The content of the
permanent control data sets is based on intervals and ranges in your
data. The RANGES= and INT= parameters work together to flag datetime
gaps. When you specify the INT= parameter on %RMDUPCHK, you define
the maximum gap allowable between records in the same range. If the
gap between datetimes for two consecutive records exceeds this value,
then a new range is created. When you specify the RANGES= parameter
on %RMDUPCHK, you define the maximum number of ranges that are allowed
to be in the raw data during the current ETL process or job. If the
raw data exceeds the maximum number of ranges, then processing stops
and you receive an error message.
A range is deleted when
the end-of-range datetime value is older than the number of weeks
that are specified on the KEEP= parameter on %RMDUPCHK. However,
if your data is continuous, then you have only one range. Your control
information is never aged out because the end-of-range datetime value
is constantly extended by new datetime information.
Here are the ways that
ranges are used with data that is continuous and data that is not
continuous:
-
If your data is continuous and
does not have any datetime gaps that exceed the value of the INT=
parameter, then your data always updates the same range. In this
case, the permanent control data set contains one range for each unique
value of the variable that is specified by the IDVAR= parameter. The
values of that variable are typically the machine or system names
from which the raw data originated.
-
If your data is not continuous,
then the permanent control data set contains multiple ranges for each
unique value of the variable that is specified by the IDVAR= parameter.

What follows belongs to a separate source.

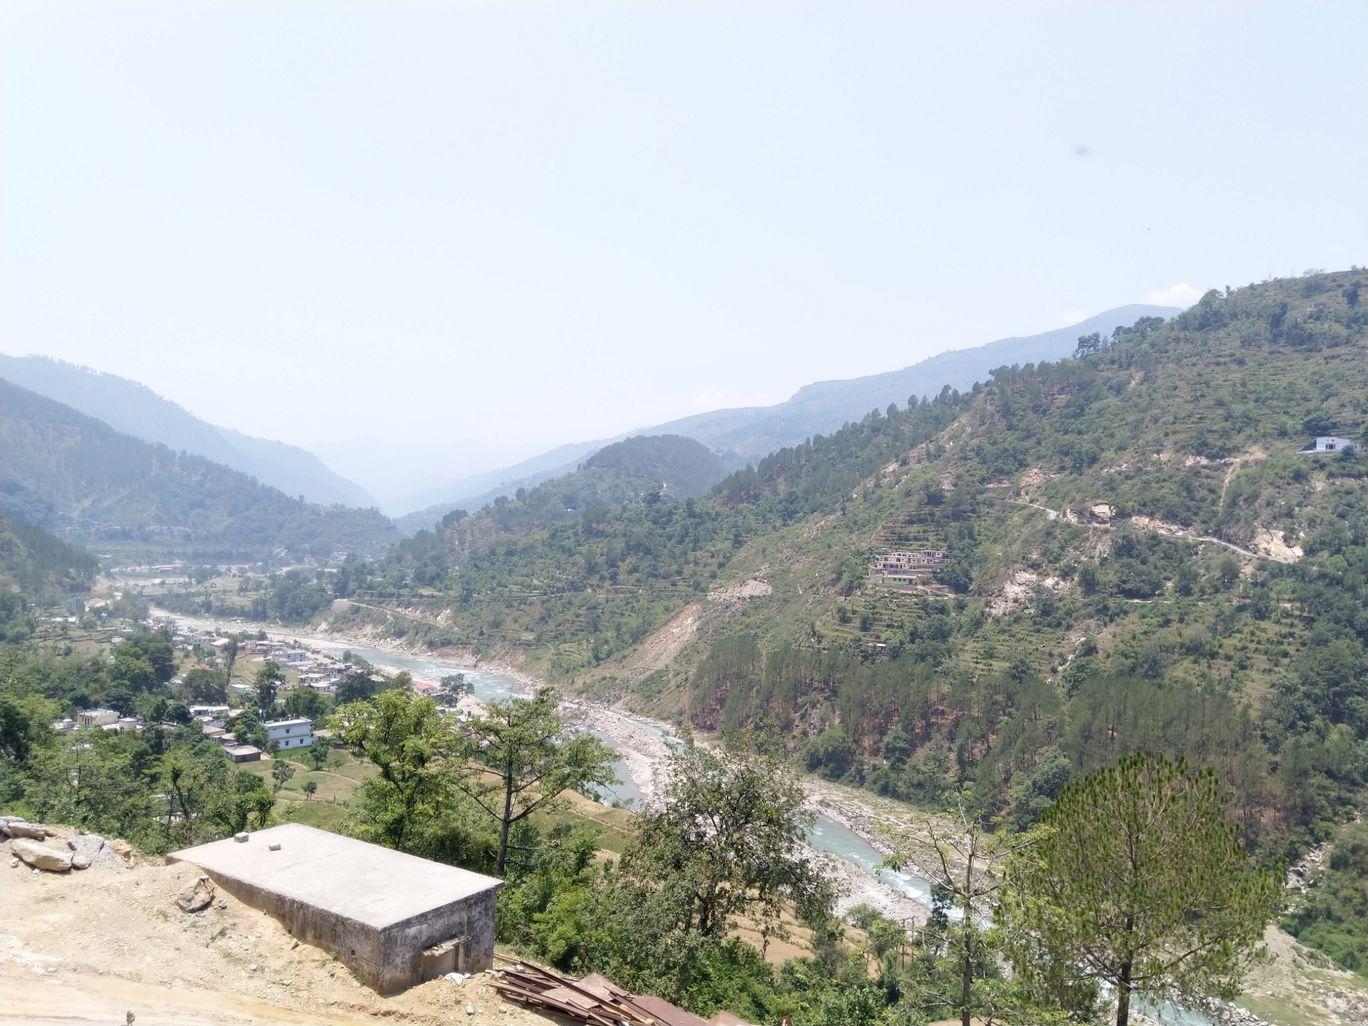 Photo of Singholi Bhatwari Hydro Power-House Road By Manish Verma

Each range is prefixed with a value of the variable that is specified
by the IDVAR= parameter.
Note: For the HP Reporter and VMware
adapters, one set of control data sets is created for each table by
default. You can create just one set of control data sets for these
adapters. To do so, specify a three-character identifier in the SOURCE=
parameter of the %RMDUPCHK macro. SAS IT Resource Management then
prefixes that identifier to the control data set.